Маринка увидела былой задор в его глазах.
– Пап, ну не ругайся ты так на театр! – прикрикнула она на отца.
– Дочка, а что ты раскраснелась вся, как в детстве, когда втихаря варенья переела? – спросил отец.
Маринка побежала к зеркалу и увидела красные пузырьки на лбу и на щеках. Потрогала лоб – горячий, голова гудит.
Завтра спектакль. Надо быть в форме.
Градусник показывал тридцать восемь. Марина выпила аспирин и под громкий голос отца вперемешку с кудахтаньем курицы провалилась в сон. Ей снилась цветущая сакура и она под деревом с Борисовной в руках. Внезапно прилетело полчище ненавистных деревенских комаров и они безжалостно впились в Маринку.
Проснувшись, она почувствовала, что ее тело невыносимо чесалось. Она замазала лицо тональным кремом и темной пудрой и понеслась на работу.
– Ты в Африке загорала, Маринка? – спросила одна из балерин в гримерке.
Девчонки пытались разглядеть Маринку сквозь толстый слой косметики.
Она чувствовала, что земля уходит из-под ног. Отработав спектакль, за кулисами сползла по стене. Девочки вызвали скорую помощь. Молодой врач привел Маринку в чувство.
– Отец у меня болеет. И курица дома. И гастроли в Японию на носу! – полушепотом, волнуясь, заявила она.
– Вы подцепили ветрянку. А на носу у вас голодный обморок, а не японская курица! Так можно и в ящик сыграть! – пошутил молодой врач, еще раз пристально взглянув на Маринку – не бредит ли она.
Выяснилось, что среди их группы девчонок лишь одна она не переболела в детстве ветрянкой.
На скорой Маринку привезли домой.
Она качалась, как пьяная, молодой врач подхватил ее на руки. Прижавшись к нему, покрасневшая Маринка услышала биение его сердца.
«Словно сто лет его знаю. Но я далеко не принцесса, особенно сейчас. Почему тогда он меня несет на руках?» – подумала она.
Отец открыл дверь, увидел Маринку на руках врача, и у него задергался правый глаз.
«Сейчас позорить меня будет, „ёперным театром“ ругаться», – подумала она.
– Ё-о-оп, – протянул отец, словил взгляд дочки и замолчал.
– Вот рекомендации и мой номер телефона. Я буду на связи, – сказал врач, протягивая отцу листок.

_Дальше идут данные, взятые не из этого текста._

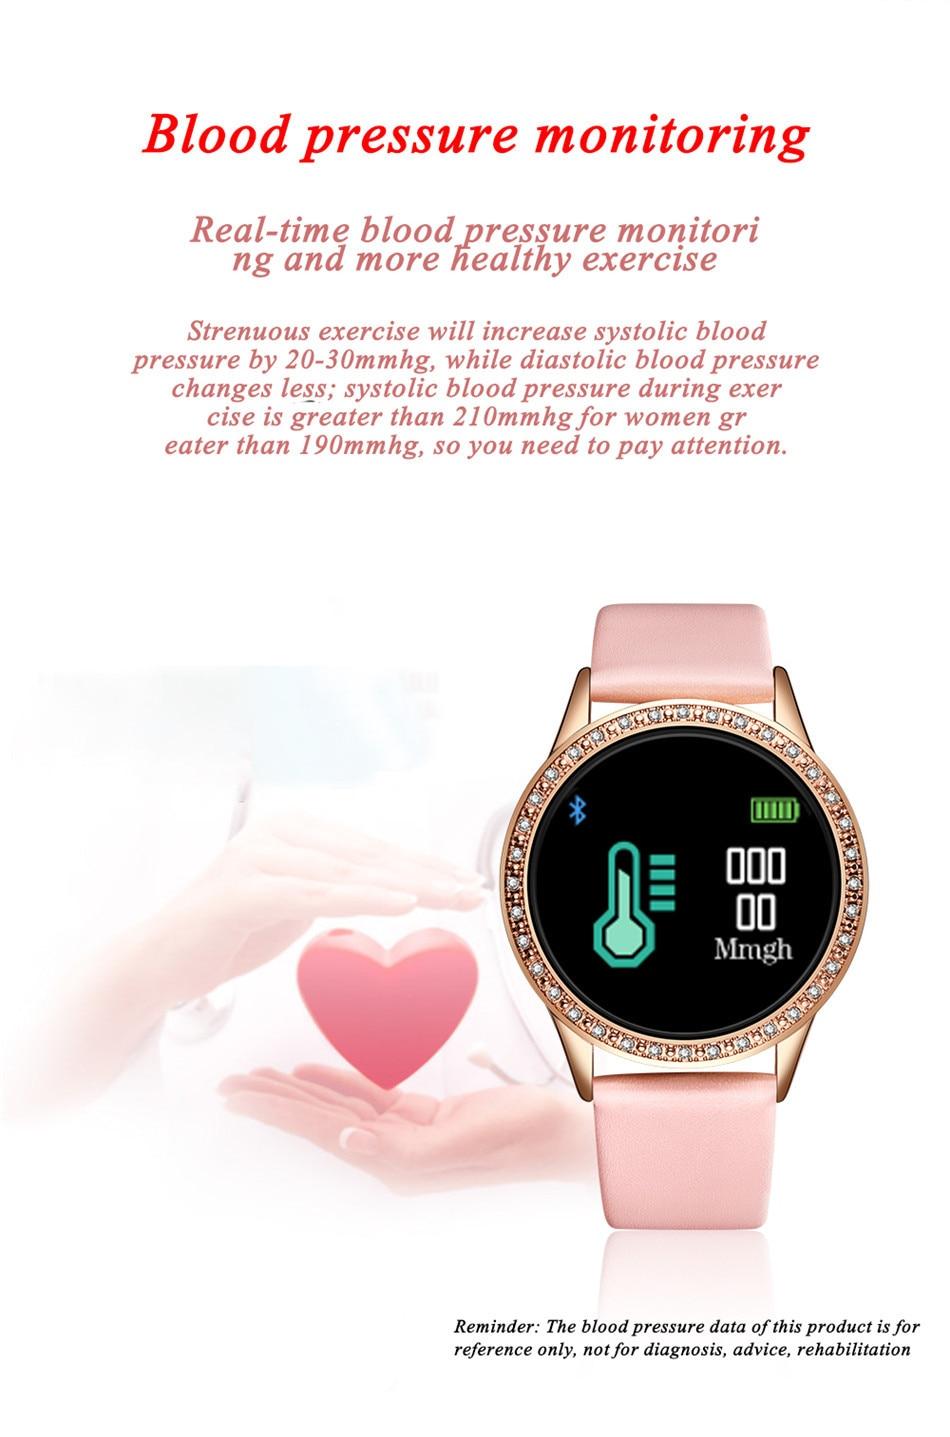 LIGE Relogio digital feminino Waterproof sport for iPhone Luxury Blood Pressure Fashion Calorie Women Men Electronic wrist Watch

Пристально взглянул на Маринку, провожающую его, держащуюся за косяк двери.
Она, худющая, в балетной пачке, вся в прыщах, с кусками темного тональника на лице, словно пришла из дикого племени «тумба-юмба». Рядом с Маринкой стояла курица.

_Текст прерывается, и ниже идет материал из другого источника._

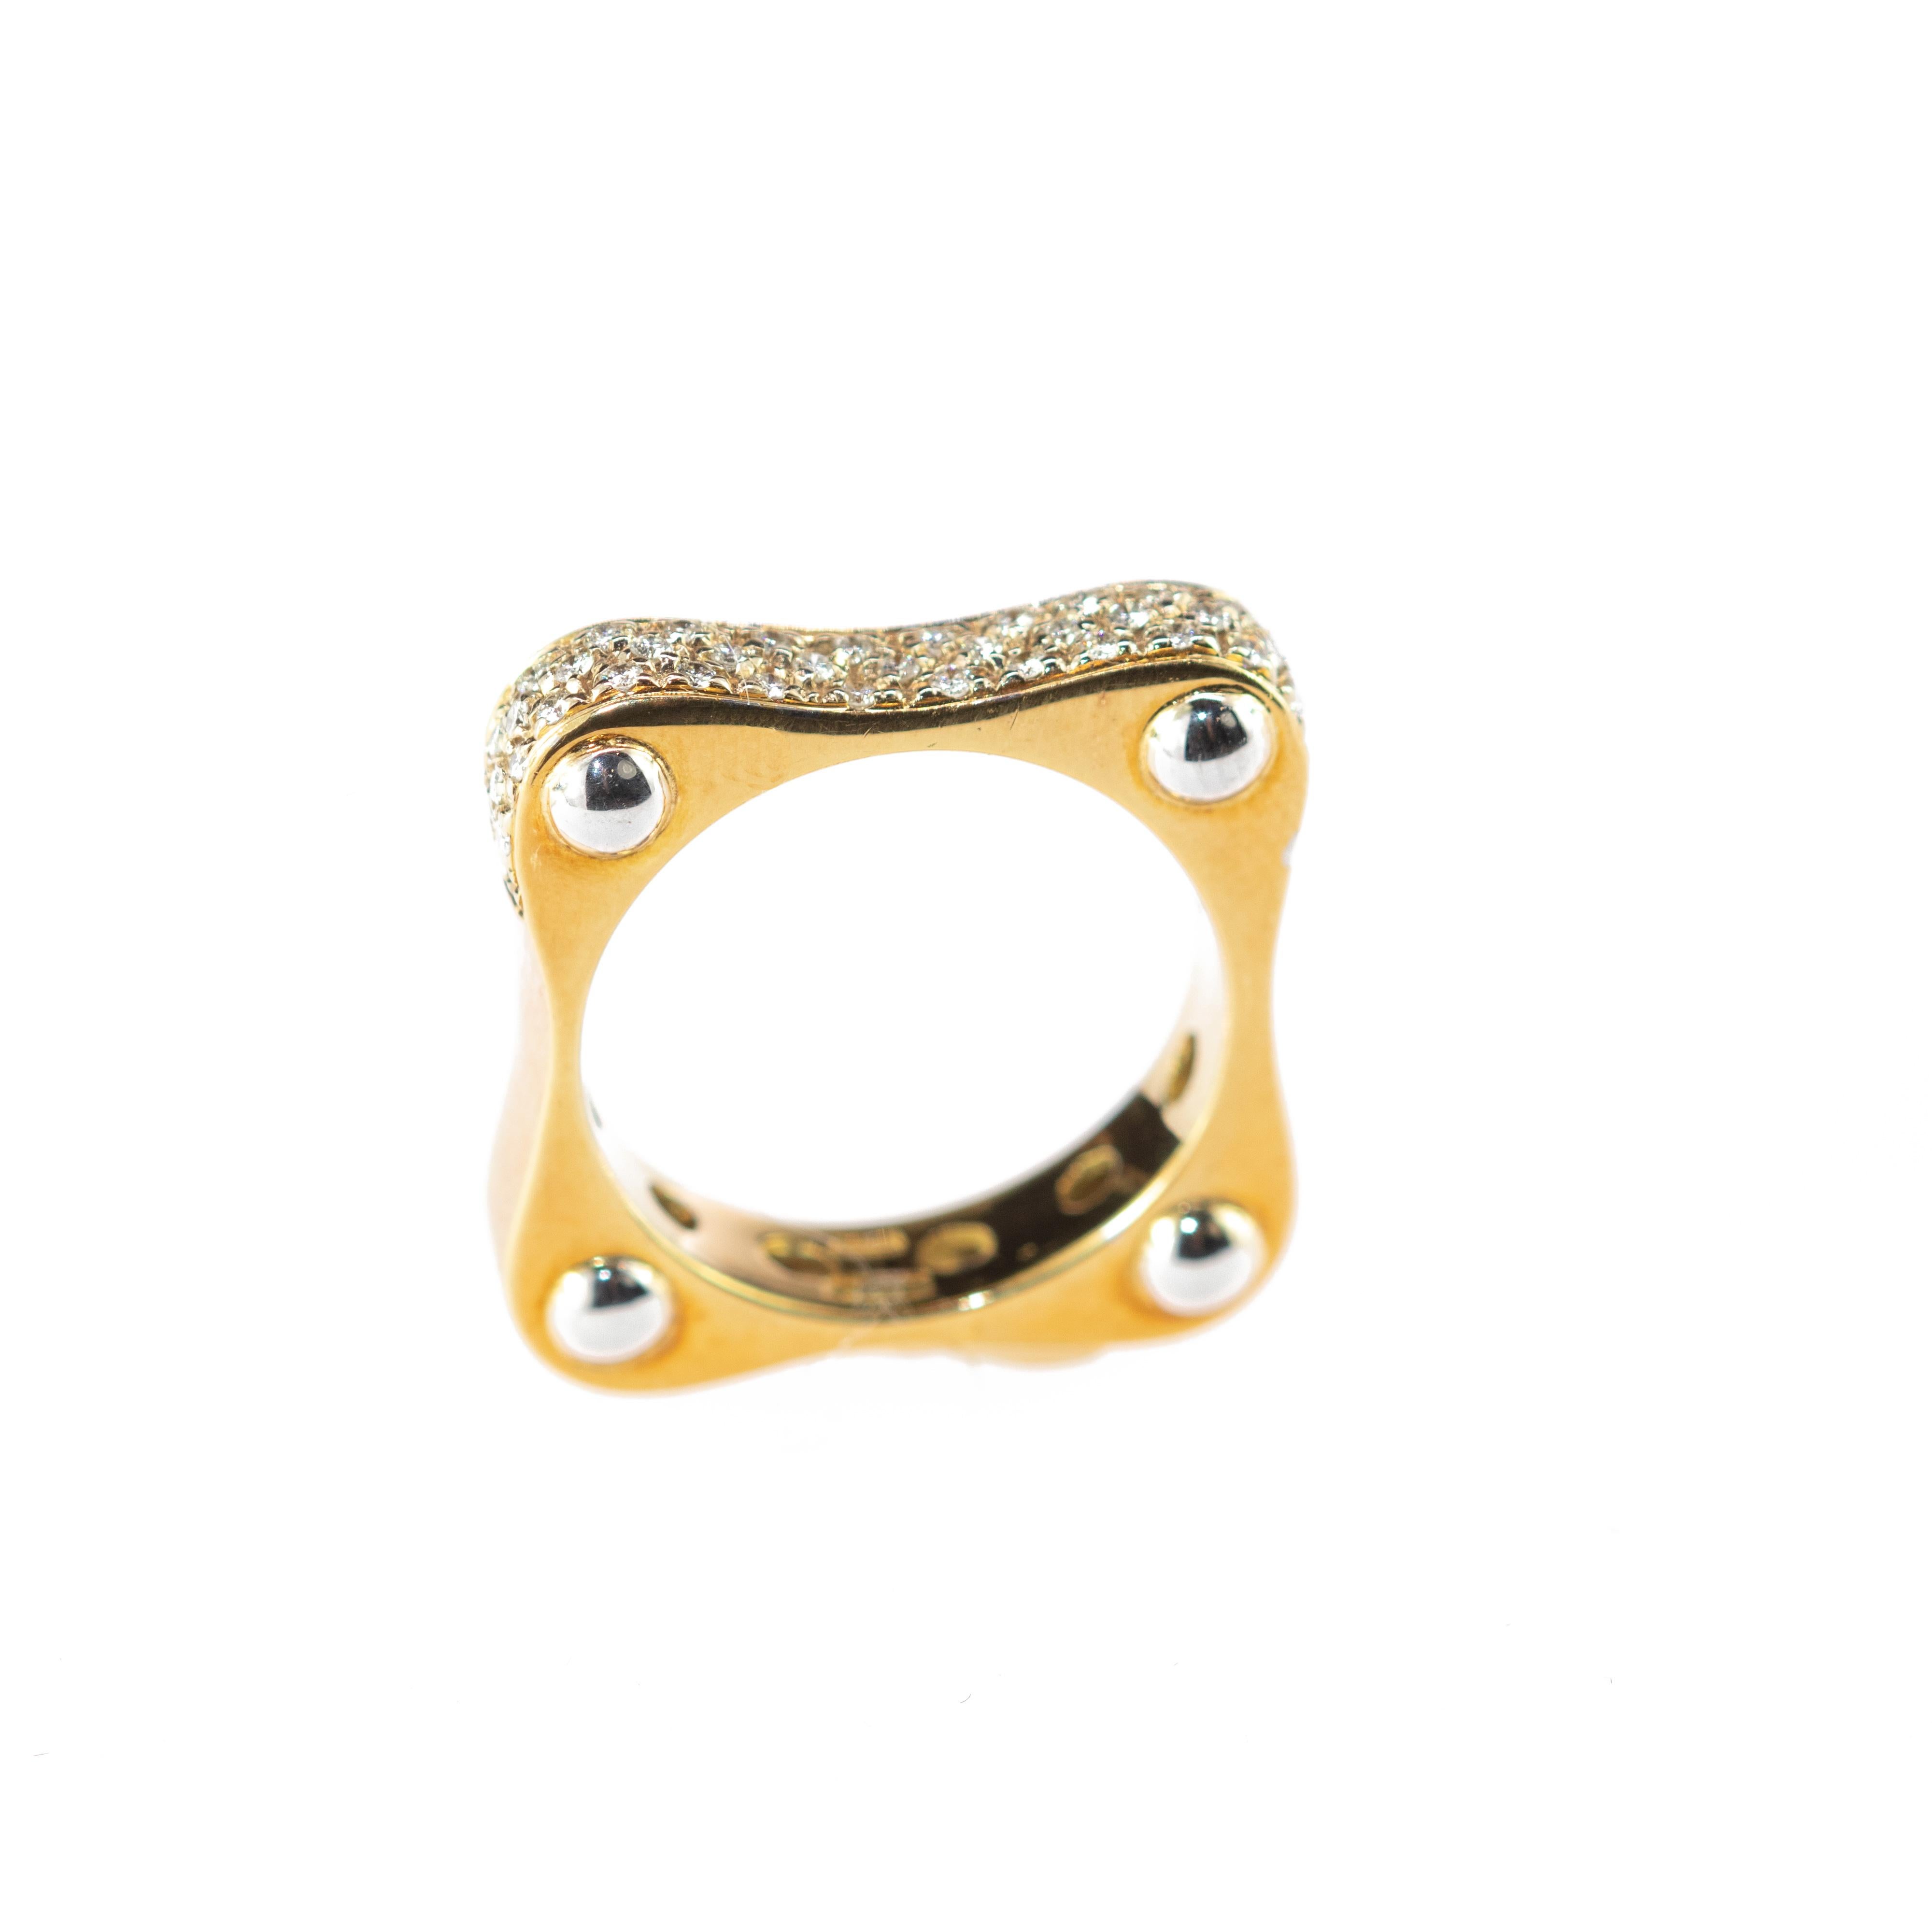 Round Diamond 18 Karat Yellow Gold Band Square Minimalist Handmade Ring 2

Молодой врач поднес кулак ко рту и громко кхекнул, словно поперхнулся. Когда за ним закрылась дверь, он постоял еще несколько минут рядом с ней. Что-то тянуло его стать частью этого племени. Он услышал шепот и скрипы – по ту сторону двери тоже не уходили.
Врач улыбнулся и поспешил на работу.
Отец накрыл дочку мягким пледом, принес теплое питье и большое вареное яйцо с ярким оранжевым желтком, разрезанное на две половинки.

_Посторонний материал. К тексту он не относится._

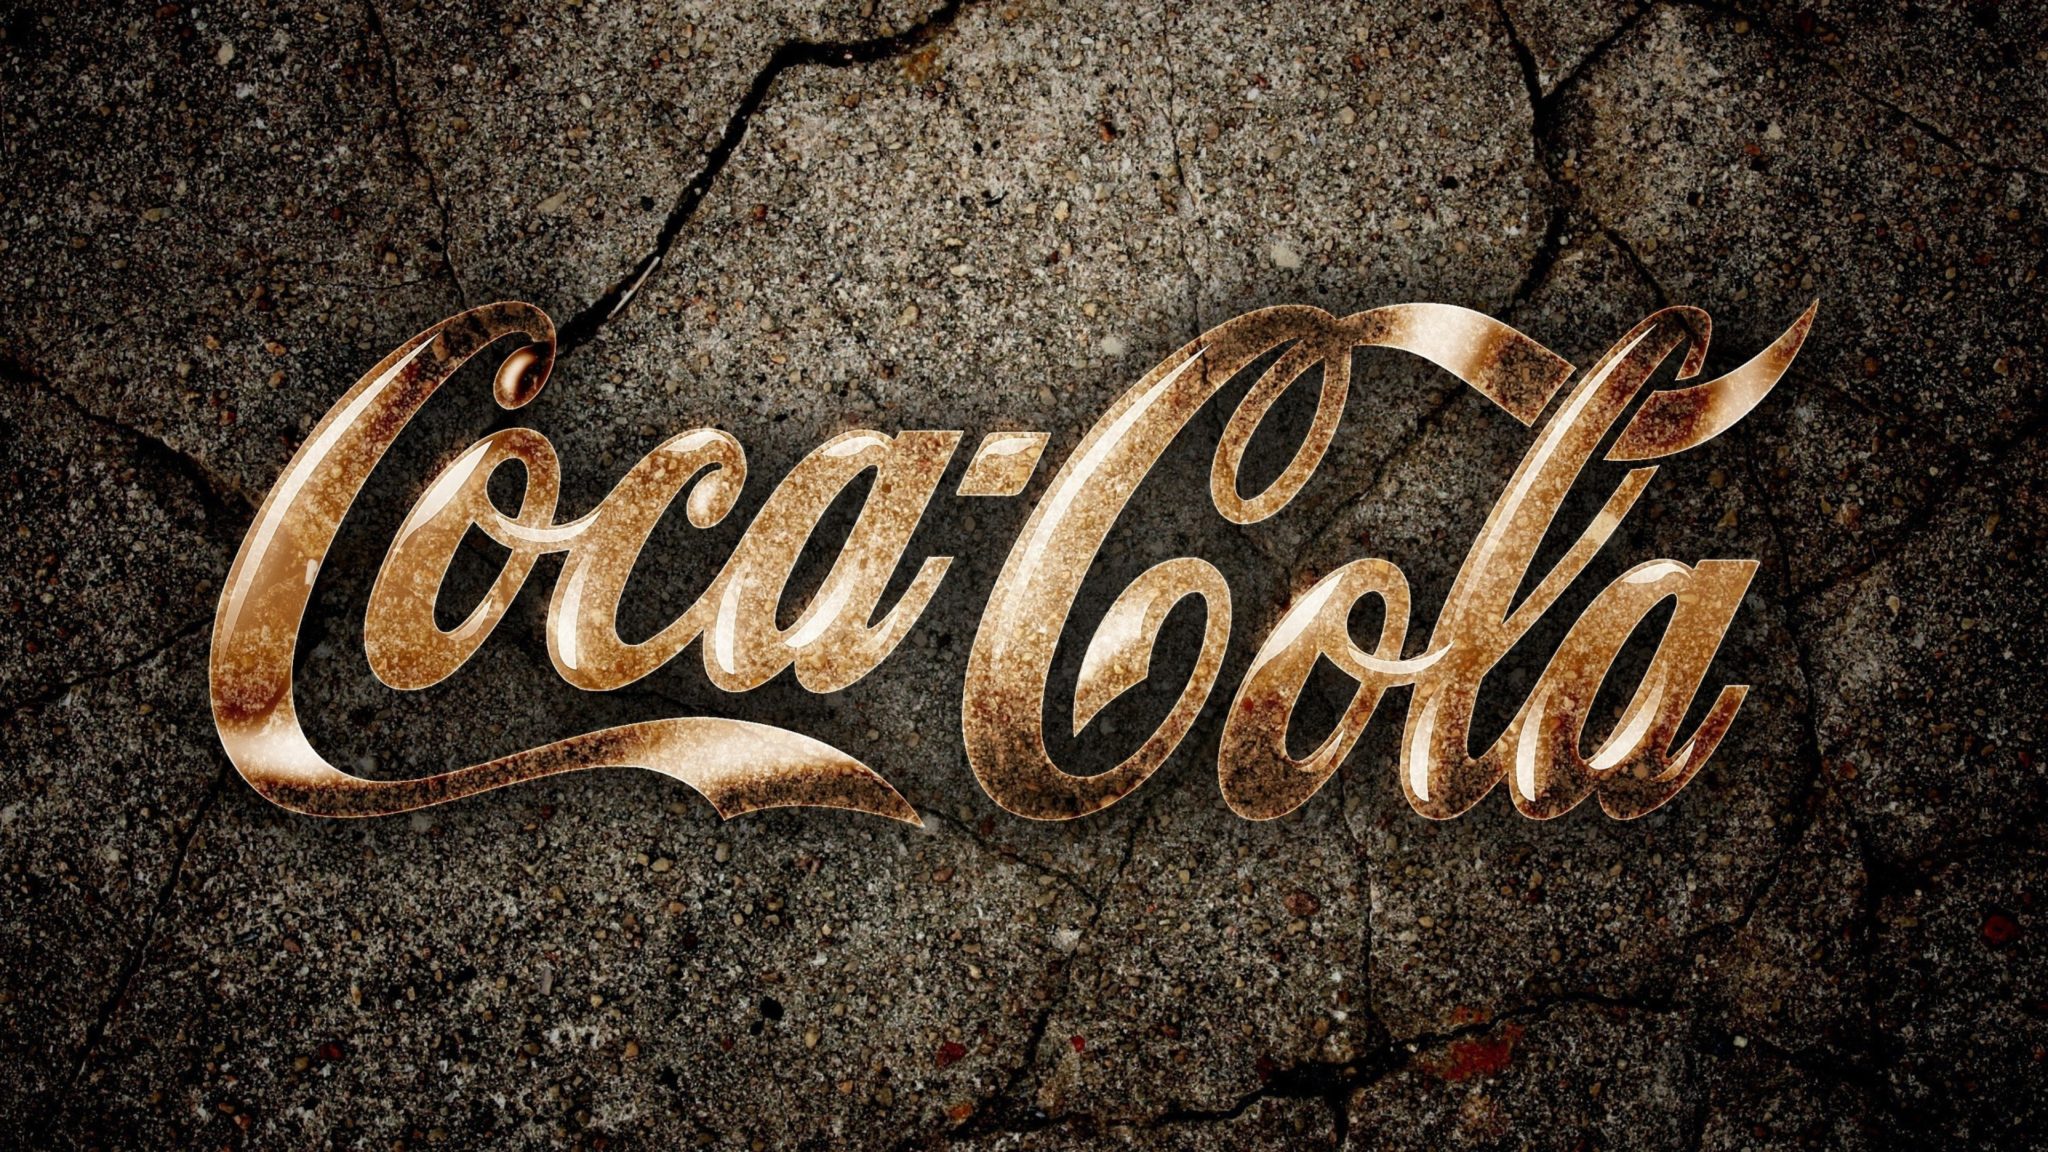 Coca Coca Gucci Mane

– Дочка, смотри, какое царское яйцо наша Борисовна снесла! – воскликнул довольный отец.
Курица зашла в комнату вслед за отцом и вопросительно, словно в ожидании похвалы, посмотрела на Маринку.
– Вкусно-то как! – воскликнула Маринка, откусывая маленькие кусочки, чтоб растянуть удовольствие.
Борисовна с гордо поднятой головой удалилась к себе на кухню, заняв место в кроличьей шапке.